Sunday, October 10 2021

I come from a very poor background. I have been homeless a few times. Through hard work and sheer sacrifice, I was not only able to find a good job, but spent my teenage life taking care of my whole family. This continued until my mid-thirties when I started to focus on myself and try to secure myself a retirement.

I had to figure it all out on my own. It was quite lonely. After a few failed businesses, I finally found real estate and got started. It cost me a bit and I met a few bad characters during that time, but overall I bought and rehabilitated a four unit condo and it paid off in five years.

During this time, I found another building with four units, which I bought with cash. My ex is an electrician and was extremely helpful so we got together pretty quickly as we spent a lot of time together. He helped me with many projects, often supervising the workforce, but I always paid for the necessary supplies and third parties.

He dug us in a hole

He proposed after a year, and we got married a year later. He asked to manage the second rehab. He told me he knew more about project management than I did. Fast forward to 2021: I invested $ 140,000 and it invested $ 40,000. Three years later, the project was not finished. When I questioned him he got angry and frustrated.

During the COVID-19 pandemic, our joint project created terrible tensions because it just lied about what happened to our budget – the money I invested – and why the project was not even 50% complete. He dug us out of a hole, spent money on things I told him not to buy, and was way over our original budget.

“I paid most of our expenses during the four years we were together.

My husband left me in August. He gave up on the project and our marriage. He said our marriage and our business was stressing him out. I never judged him and knew I was making twice as much as him when we first met, but that didn’t matter to me. I paid most of our expenses during the four years we were together, and he only contributed when he wanted to.

He tried to come back in February, but we ended up fighting again. Now he wants the $ 40,000 he invested in my building that he demolished and left destroyed. I could have finished it two years ago if I had remained in charge. I have nothing legal in writing. I called a lawyer who said a divorce could cost me $ 15,000.

I am not a big investor

If the two properties were bought in my name only before we got married – and I invested three times as much in his failed project as he did – who do we owe what? I told him that he had no right to either property, and that we shouldn’t need such an expensive divorce without children. Apart from the project, we have not mixed our finances.

I bought this building to use it as retirement income because I am not a big investor. These two buildings cost me the savings of my life and should have brought me $ 1 million in assets. My assets now stand at $ 650,000 because the other building is still at a loss. In my current state, I would lose money if I sold it as is.

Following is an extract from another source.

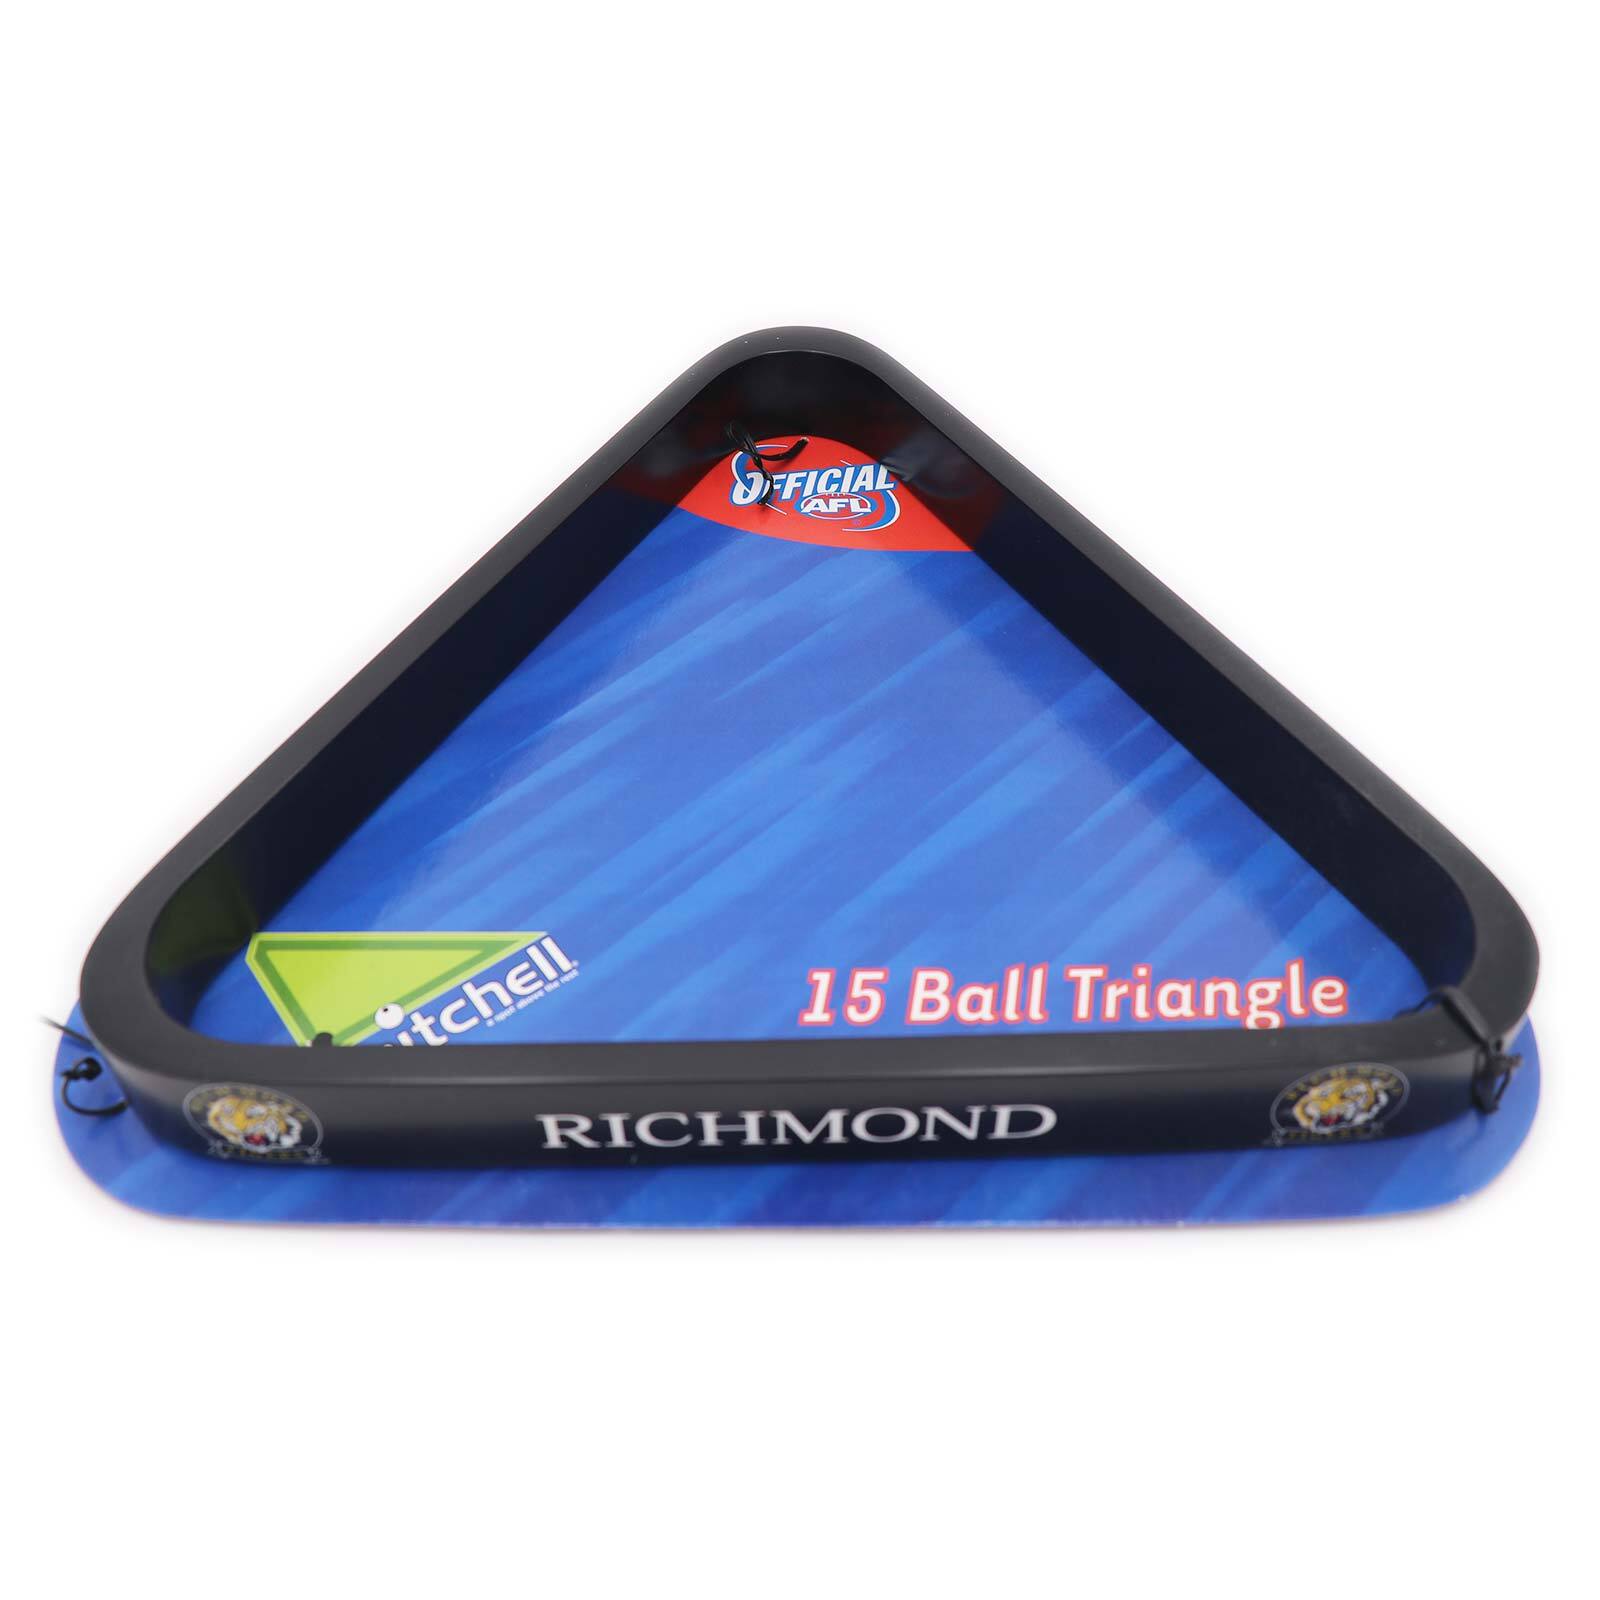 Aramith  Official AFL Pool Snooker Billiards 15 Ball Triangle - Richmond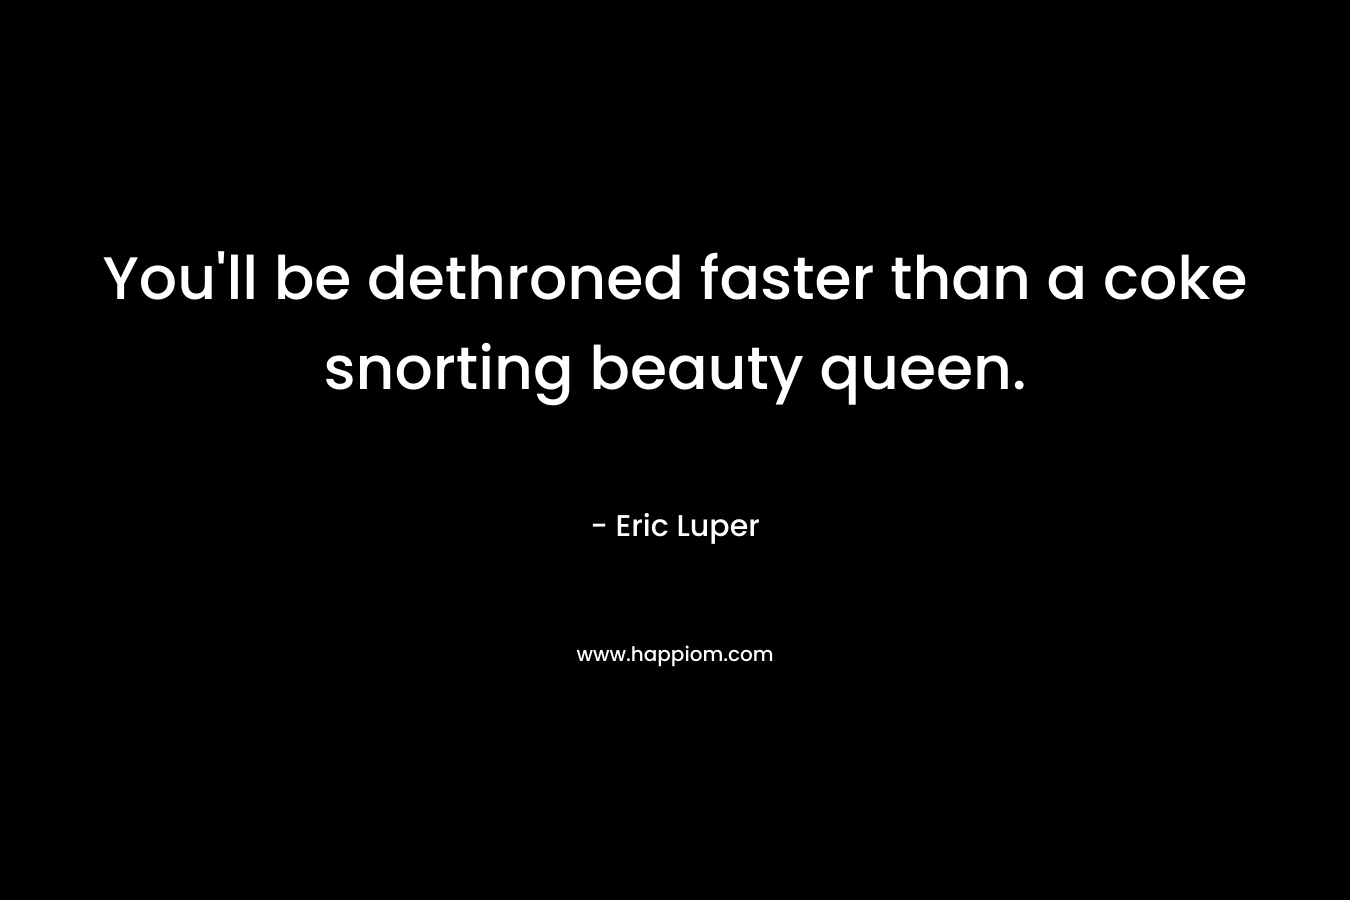 You'll be dethroned faster than a coke snorting beauty queen.

He keeps telling me to take the equity in my first property to pay him off so he can go, but I don’t think I owe him anything because of his negligence, and the fact that it has tied up my money and lost rental income for the past two years. I covered our expenses, including $ 50,000 on vacation since we got together.

I feel like I was heartbroken, and now he’s trying to break my wallet too.

Project Manager

Dear manager,

Mediocre man meets successful woman, convinces her that he is better at building things, is unable to oversee a project similar to the one she has successfully managed in the past, invests a fraction of the amount invested by his wife , gets angry when asked about his failures, picks up his hammer and demands his money.

You have the money to speak to a good lawyer and familiarize yourself with the legal landscape. It bodes well that you bought these properties before your wedding, but you likely mixed up the second property as he invested $ 40,000 of his own money to renovate it.

Whether or not you live in a community property or equitable distribution state, collect documents: bank statements, emails, credit card statements, bills and anything that shows the contribution you made to this marriage. Be ready. He may end up owing you money.

As you do this, keep your eyes on the future rather than the past. It might be true that you could save $ 1 million already, but that’s not what happened. You have paid the price for a lesson you won’t soon forget. Don’t give up your creative gold for anyone.

“I would like you to build something that will cost you nothing except the courage and determination that you have shown in your life so far. ”

When I read that your ex-husband had arrived on the scene, I hoped it would not turn out that way. He did you a favor by running away. The good news: you still have skin in the game, you can finish the second project just like you did the first. But first you have to be tough.

To do this, I would like you to build something that will cost you nothing except the courage and determination that you have shown in your life so far: build a wall of glass between you and your husband. It’s time to stop entertaining his demands on your time and your business.

He’s a madman, a man who built himself on a cloud of smoke from false bravado. If he was the man he said he was, he would have built you instead. You’ve already managed a similar project on budget and on time. The only person you have to prove anything to is yourself.

The next man that comes in and tells you point blank that he’s better than you at something or anything, show him the door. Hopefully, this will be a door that you personally paid for, installed – and has a good lock and a really nice, heavy swing.